One week before the 11th anniversary of one of the most devastating hate crimes in modern American history, Smith gave media a first look at the memorial under construction adjacent to the historic church at 110 Calhoun Street in downtown Charleston, South Carolina — a city still processing a wound that never fully healed.

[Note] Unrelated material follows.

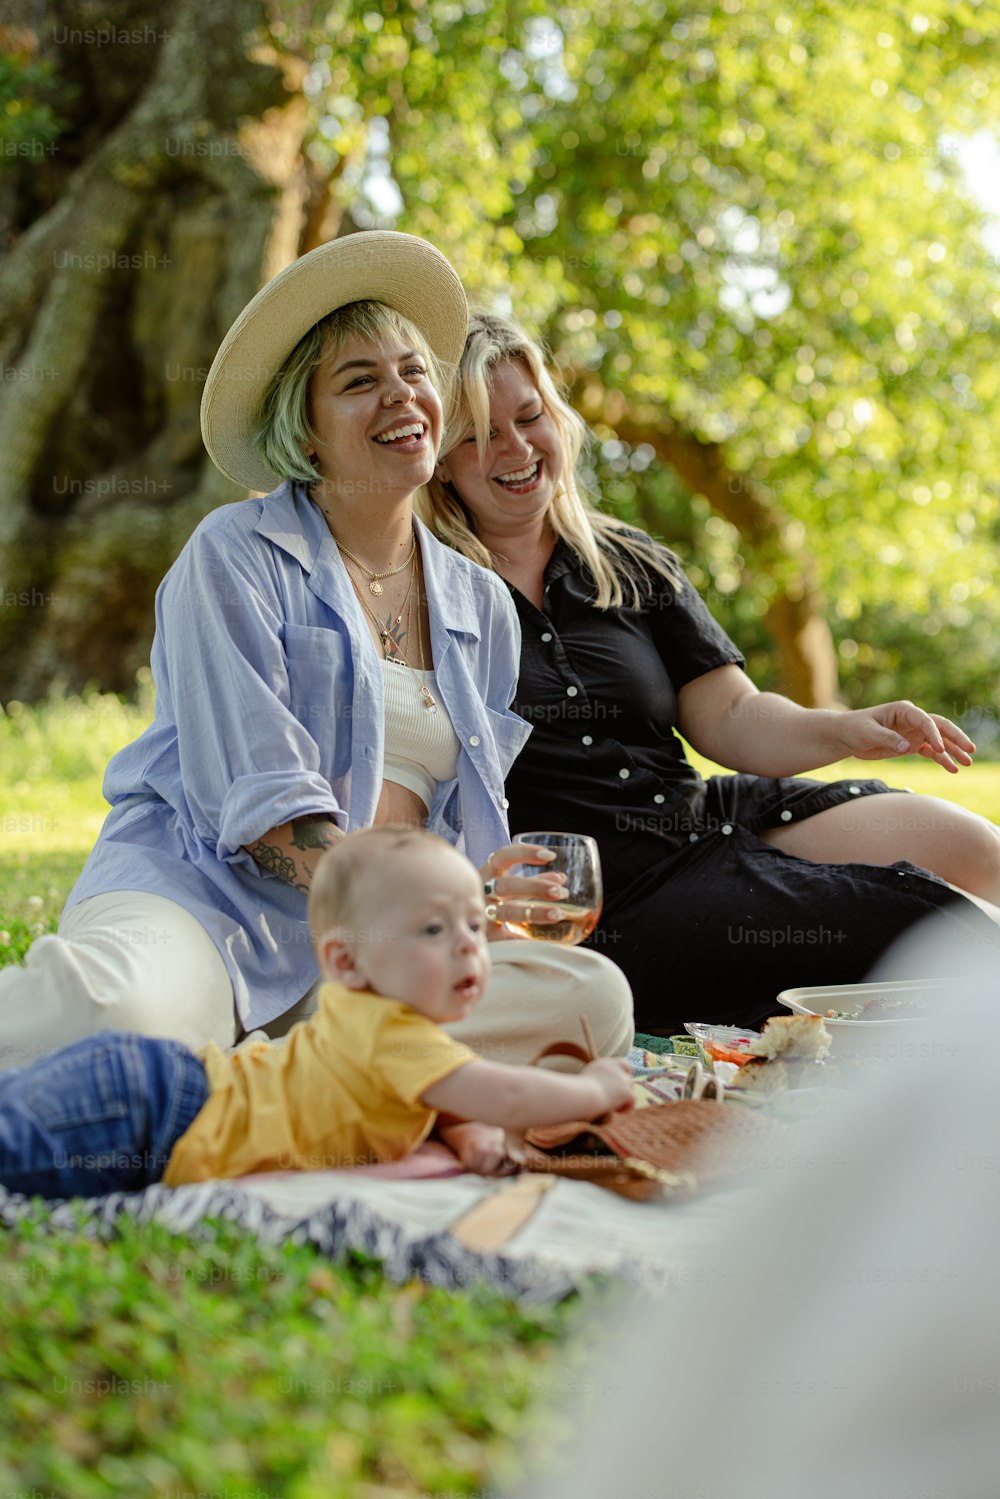 Dos mujeres y un bebé sentados sobre una manta en un parque

What Happened on June 17, 2015
On a Wednesday evening, a group of faithful members of Mother Emanuel African Methodist Episcopal Church — one of the oldest and most historically significant Black churches in the United States — gathered for Bible study. They welcomed a young white stranger who joined them. At the close of the session, he opened fire.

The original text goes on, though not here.